* **Information supplied**
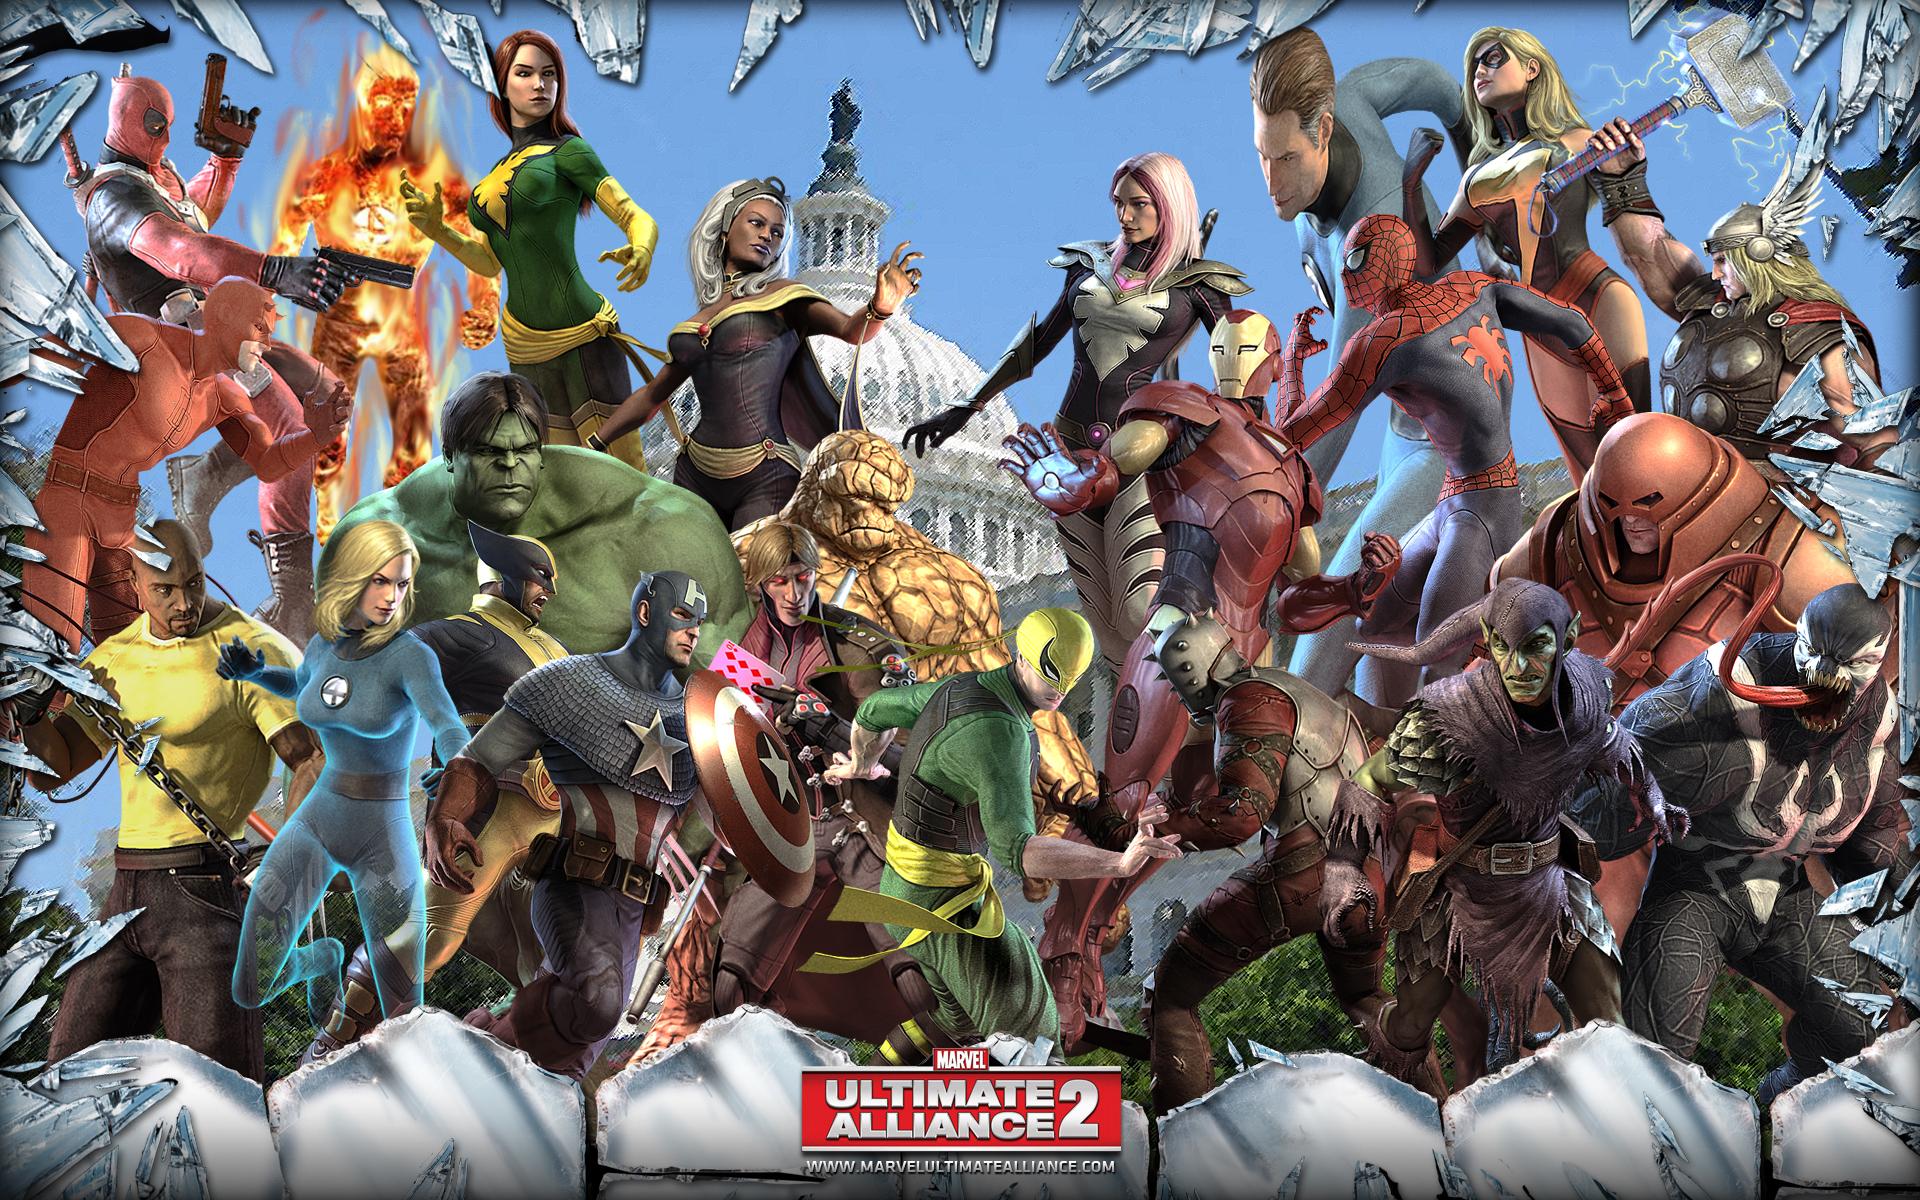 wallpaper, alliance, ultimate, video, games, desktop, marvel, awesome
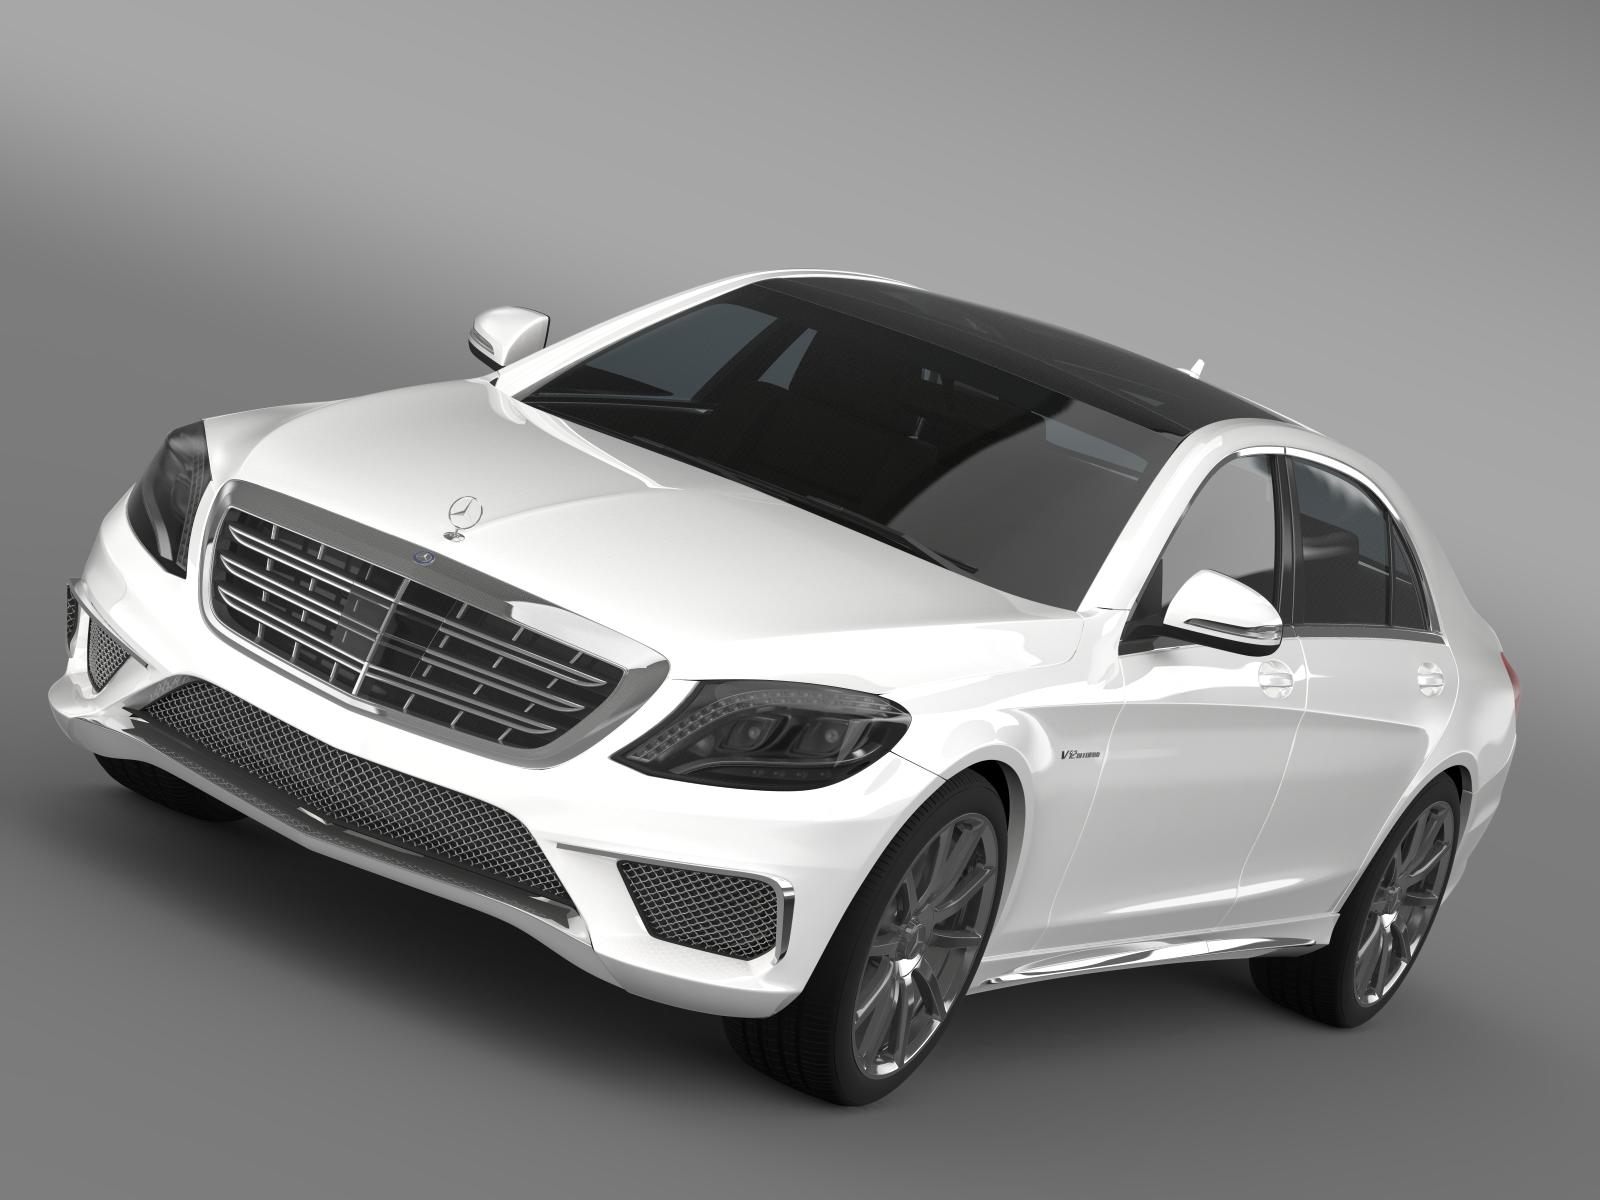 Mercedes benz s 65 amg w222 2014 3d model buy mercedes for Buy a mercedes benz
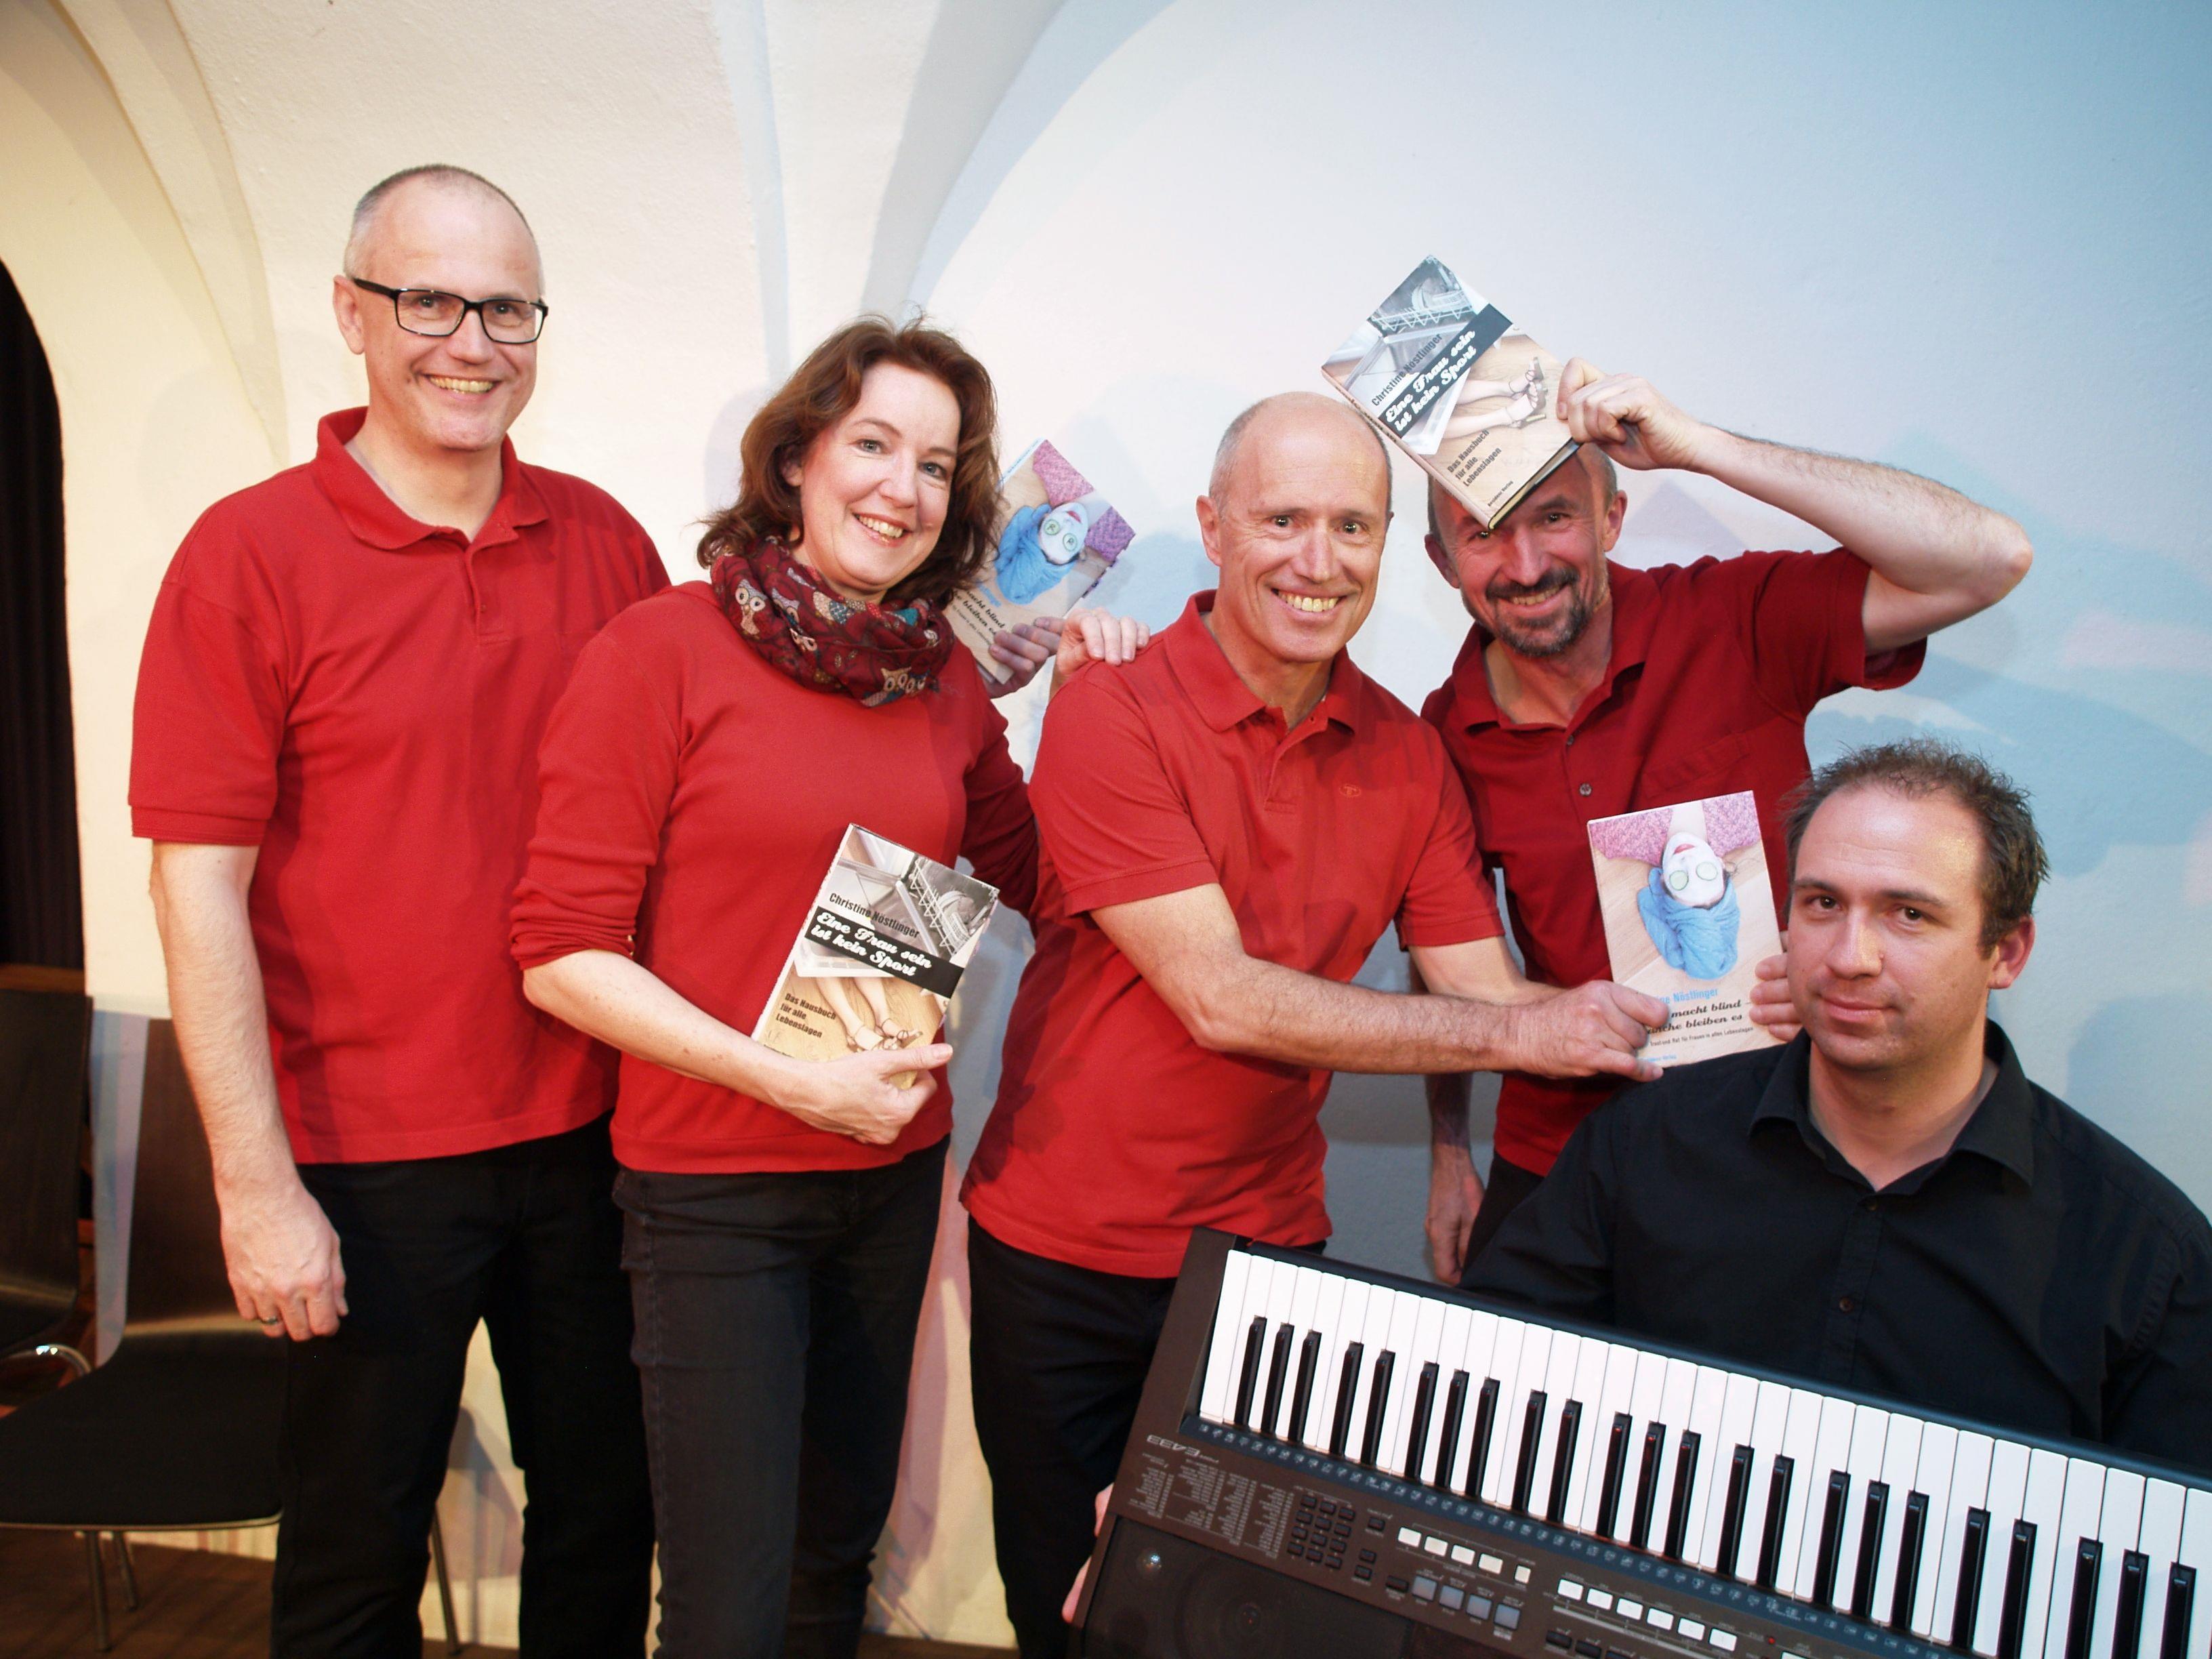 Harald Kuntschik, Renee Lormans, Paul Ender, Paul Sandholzer und Matthias Gmeiner

* **Assignment**
Reproduce the listing verbatim, pictures excluded.

* **Finished task**
 wallpaper, alliance, ultimate, video, games, desktop, marvel, awesome
 Mercedes benz s 65 amg w222 2014 3d model buy mercedes for Buy a mercedes benz
 Harald Kuntschik, Renee Lormans, Paul Ender, Paul Sandholzer und Matthias Gmeiner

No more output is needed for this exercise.